Army Groups North and Center launched Operation Doppelkopf on August 16 at which time the division was located near Biržai and after helping to fight off the counteroffensive advanced on Šiauliai. On October 31 the three rifle regiments would be further recognized for their roles in the fighting for this city, with the 210th winning the Order of the Red Banner, the 213th receiving the Order of Suvorov, 3rd Degree, and the 219th being presented the Order of Kutuzov, 3rd Degree. By the beginning of September the 71st Guards had been assigned to the 2nd Guards Rifle Corps, still in 6th Guards Army. On September 25 General Kuropatenko had left command of the division, handing over to Col. Nikolai Nikolaievich Lozhkin.

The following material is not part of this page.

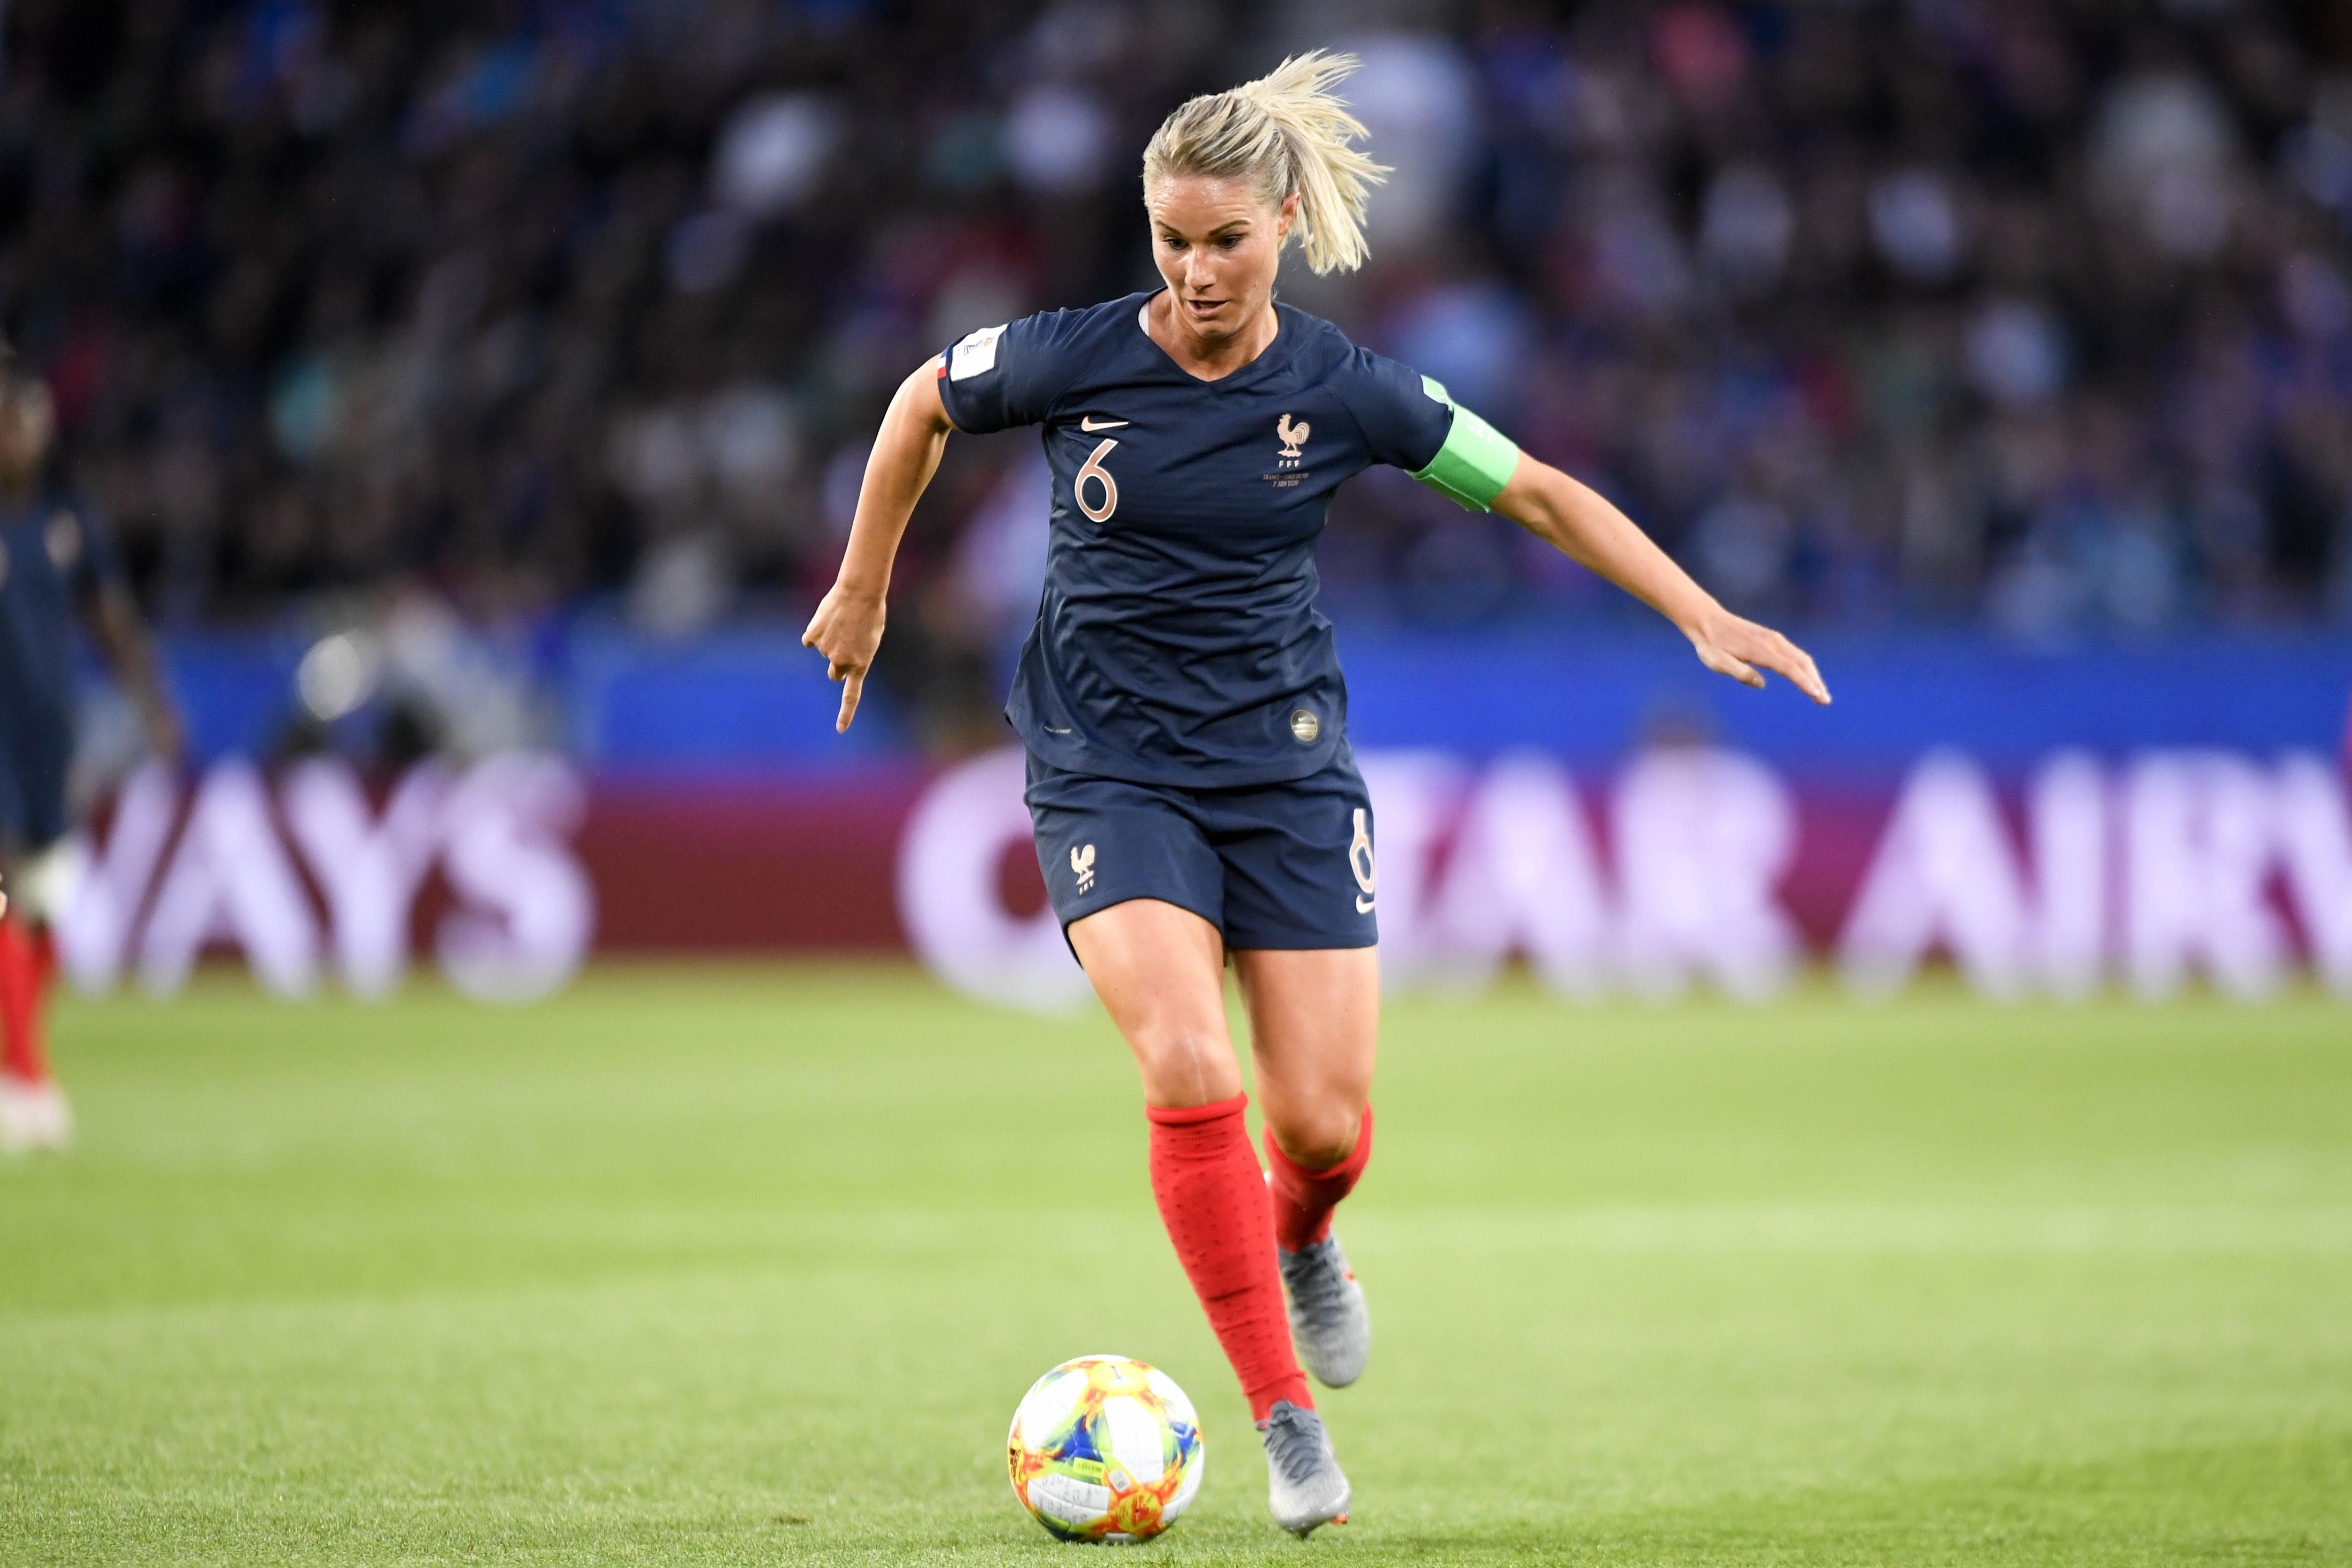 Football - Coupe du monde féminine - Coupe du monde féminine 2019 : La France doit-elle faire tourner face au Nigéria ?

Over the following months the 1st Baltic Front pushed through to the Baltic coast, and what remained of Army Group North was confined to the Courland Pocket. On January 18, 1945 Colonel Lozhkin was succeeded in command by Hero of the Soviet Union Lt. Col. Georgii Aleksandrovich Inozemtsev, who would continue in command into the postwar. He had earned his gold star as commander of the 201st Guards Rifle Regiment of the 67th Guards Division in the crossing of the Western Dvina. Born at Bataysk he had been a historian and civil servant, as well as a Red Army reservist, before the war. After leaving the Red Army he published a number of articles and books on the history and prehistory of the Rostov region before his death in 1957. In February the 1st Baltic Front was disbanded and the 6th Guards Army was moved to 2nd Baltic Front; in March this Front was also dissolved and the Army moved to Leningrad Front for the duration, by April as part of the Kurland Group of Forces.

==Postwar==
At the time of the German surrender the men and women of the division held the full official title of 71st Guards Rifle, Kharkov-Vitebsk, Order of Lenin, Order of the Red Banner Division. (Russian: 71-я гвардейская стрелковая Харьковско-Витебская ордена Ленина, Краснознамённая дивизия.) In July it rejoined the 2nd Guards Corps, still in 6th Guards Army in the Baltic Military District. It was first stationed as Kaunas before being transferred in May 1946 to Klaipėda. The division was finally disbanded in June 1947.